ZANU-PF is the party of the revolution, and the president continues to instrumentalise that legitimate legacy to self-confer a lifetime mandate, one not contestable by election defeat.

As Simukai Chigudu has previously written, the president uses a narrative of “patriotic history” to legitimise himself and the party as “an ongoing vanguard of Zimbabwean liberation against an external and [neo-]colonial threat as represented by the West.”

The party’s refusal to concede to Morgan Tsvangirai in 2008 stems from a national identity-narrative of opposition to the West’s attempt to once again usurp native self-determination.

Tsvangirai was supported by the western states, most notably the United Kingdom, and the latter is both legitimately and exaggeratedly the targets of political demonisations.
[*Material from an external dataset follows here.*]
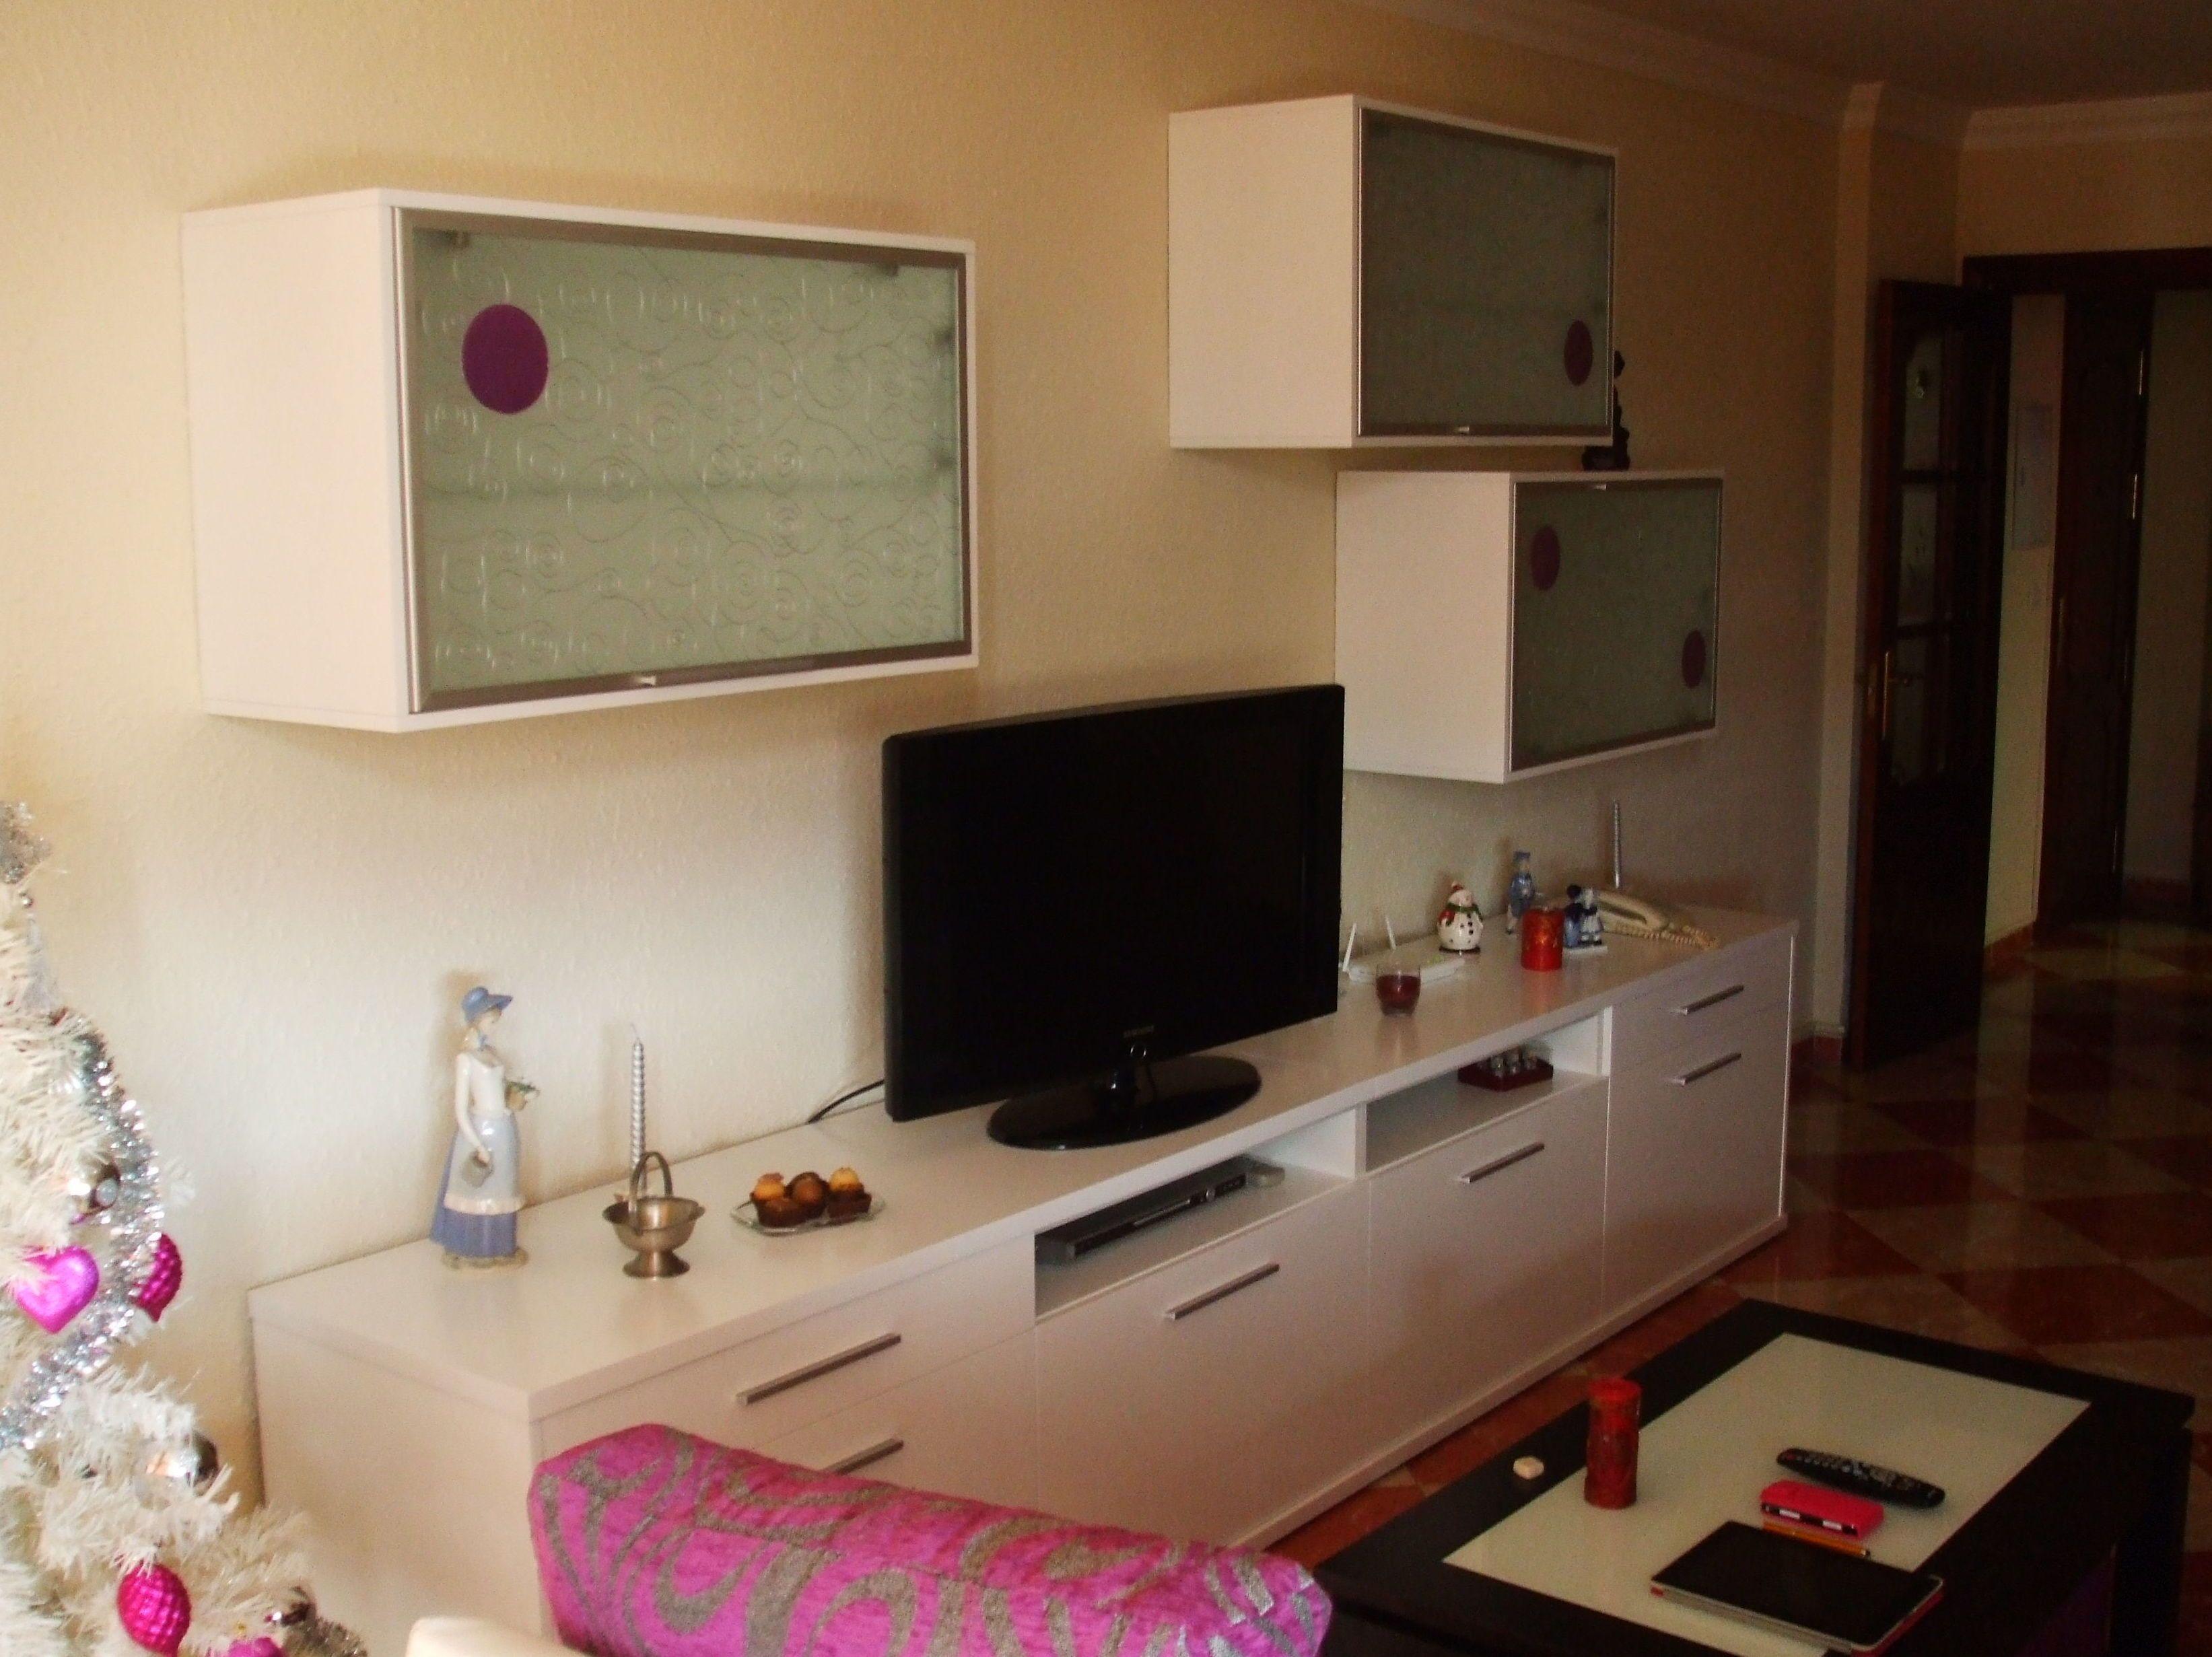 Muebles de cocina en m laga mar jim nez dise o de cocinas - Muebles de salon malaga ...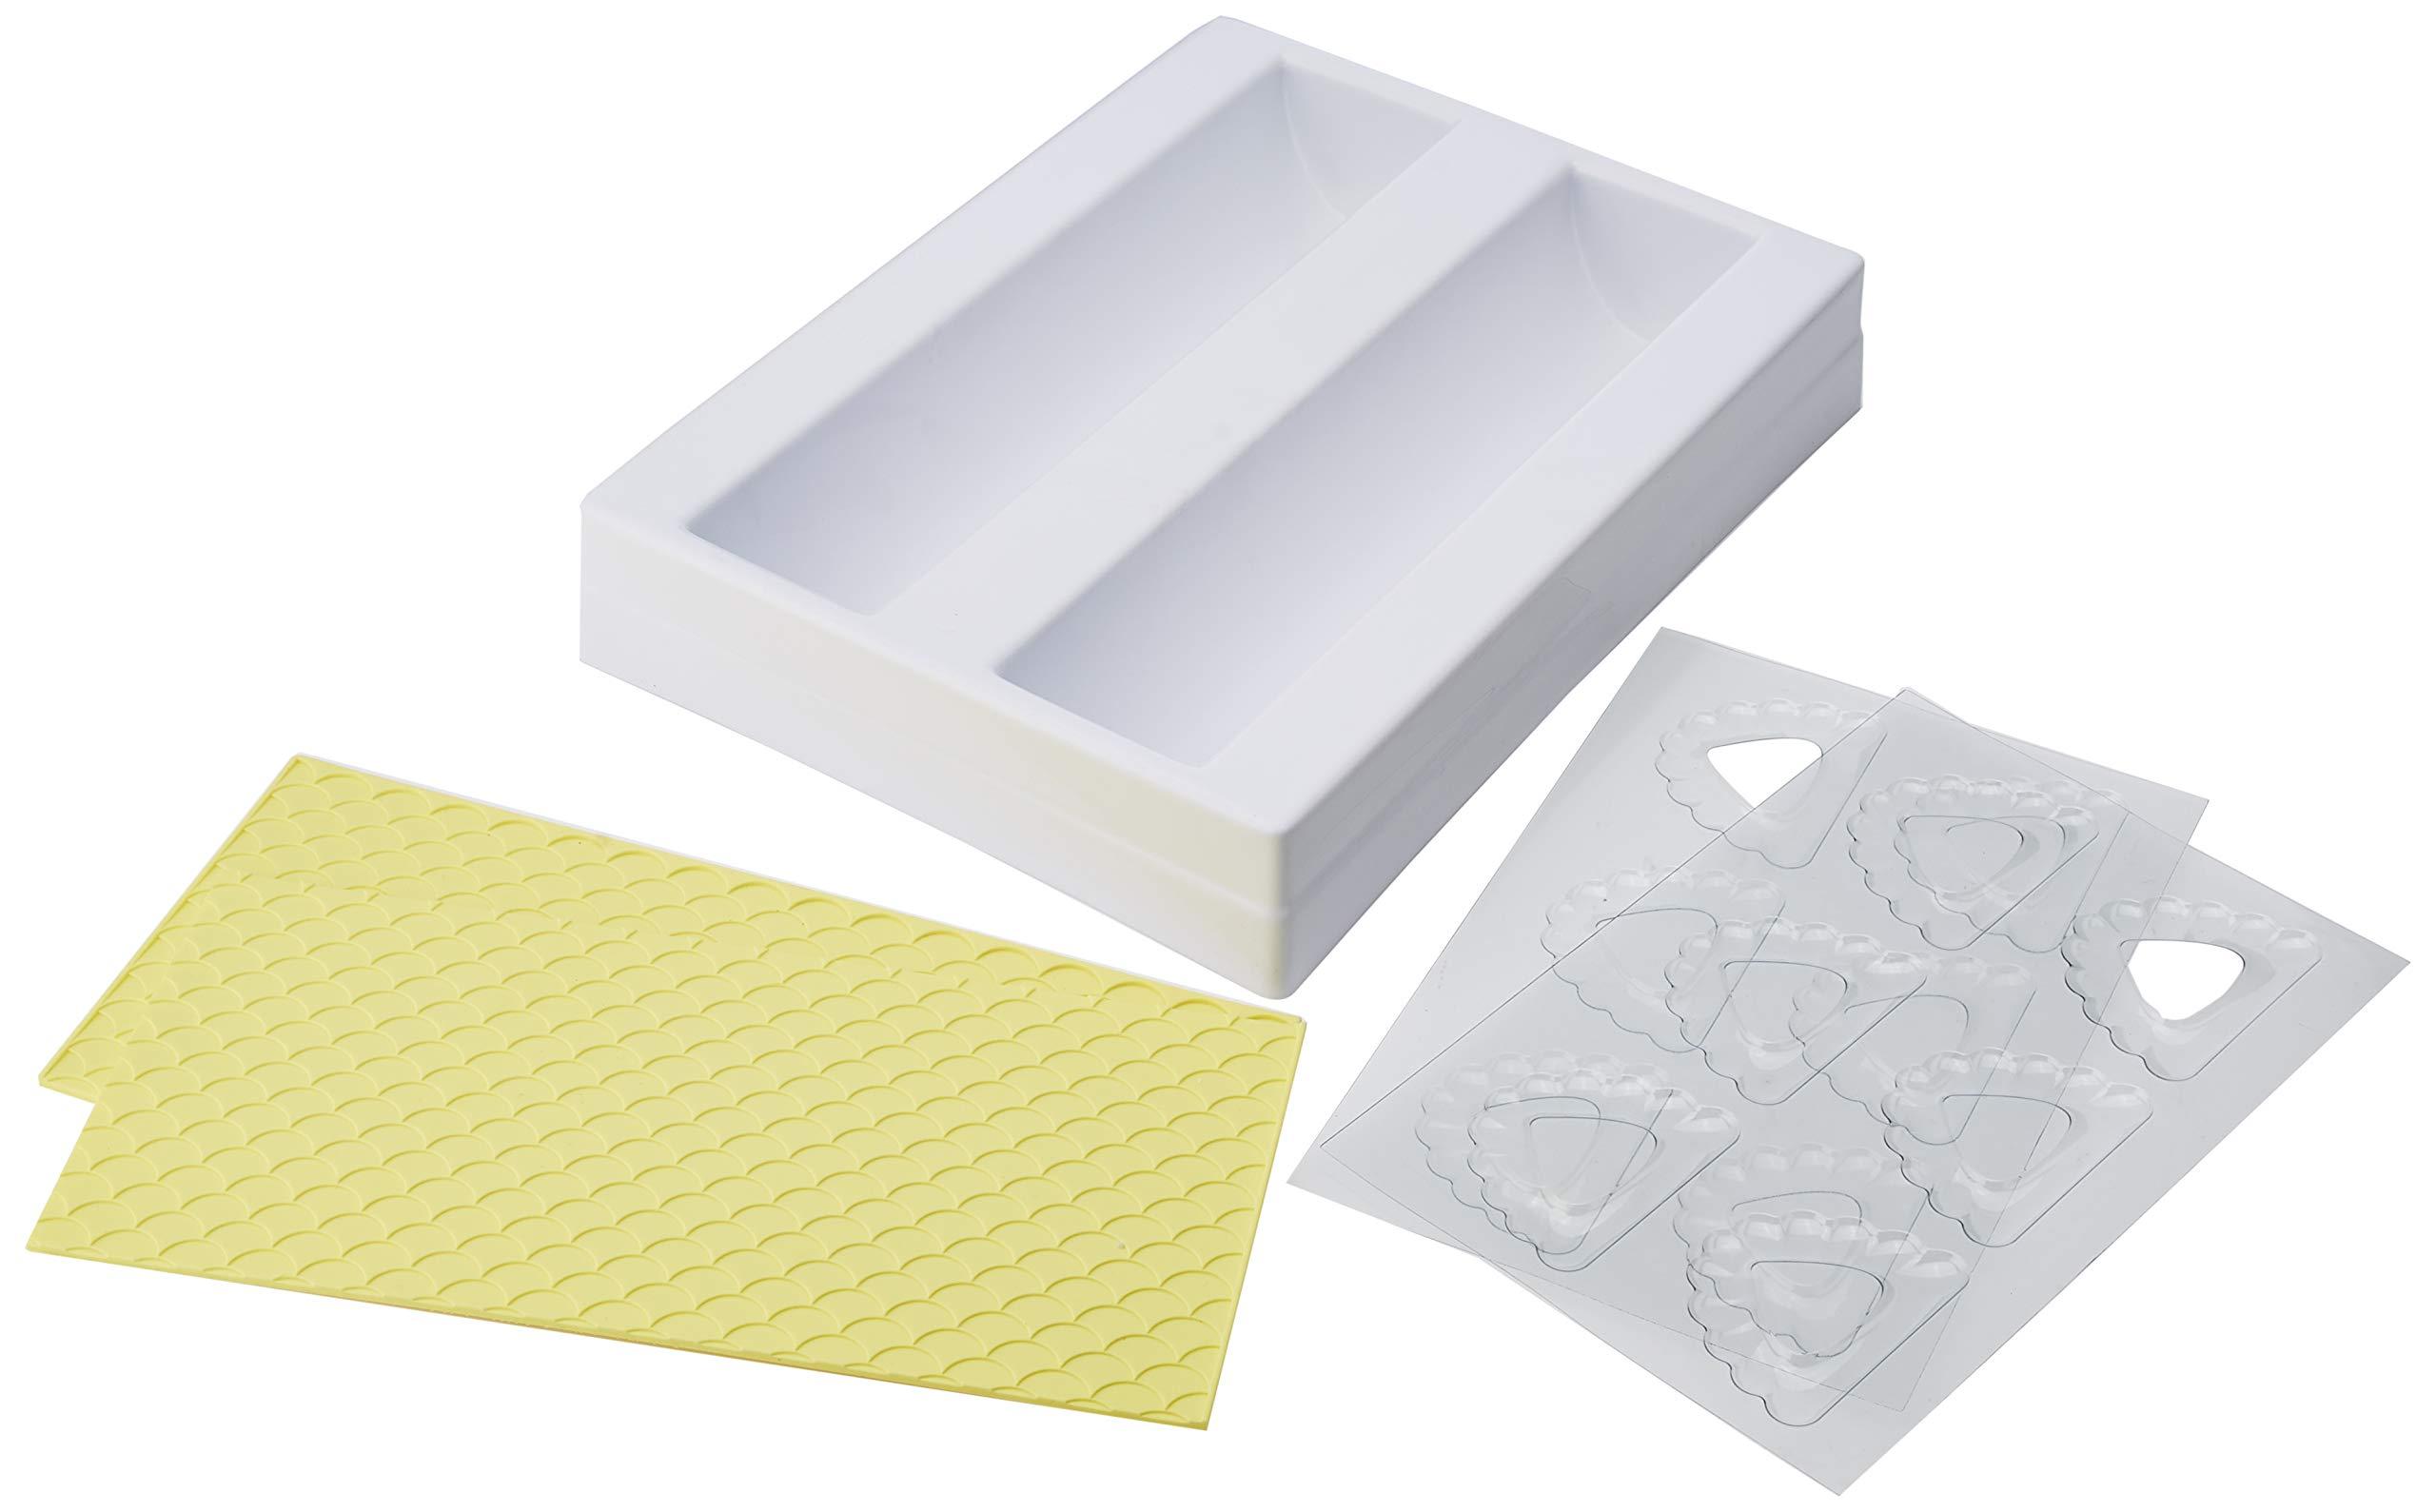 Martellato 30T07K Starter Waves Mould Kit, Plastic, Multicoloured

Because independence was achieved less than forty years ago, memories of subjugation under colonial governance are still visceral for many people.

Beyond memories from lived experience, there has been an intergenerational transfer of memory to those born after the fall of white rule.

There are, in a number of ways, some direct tensions between more “abstracted” understandings of freedom and universal human rights (due, in some part, to resentments around institutions perceived as “Western impositions”) and the clearer “freedom” that is independence from colonial rule and the opportunity to access resources that would be otherwise rendered inaccessible by the Rhodesian government.

This is not to imply Zimbabwean people do not understand or desire political transparency or press freedom or any other political entitlements or rights that may be characterised as “Western,” but rather to attempt to parse through the relationship many people have with the relatively young postcolonial institutions.

Another component to this lack of sustained political mobilisations is an erosion of class consciousness resulting from high levels of formal sector unemployment, most notably an absence of formalised industrial labour forces.

With much of the country participating in extra-state informal labour, many people cannot sacrifice valuable work time for political activity (compensated participation in political activity, however, is another story).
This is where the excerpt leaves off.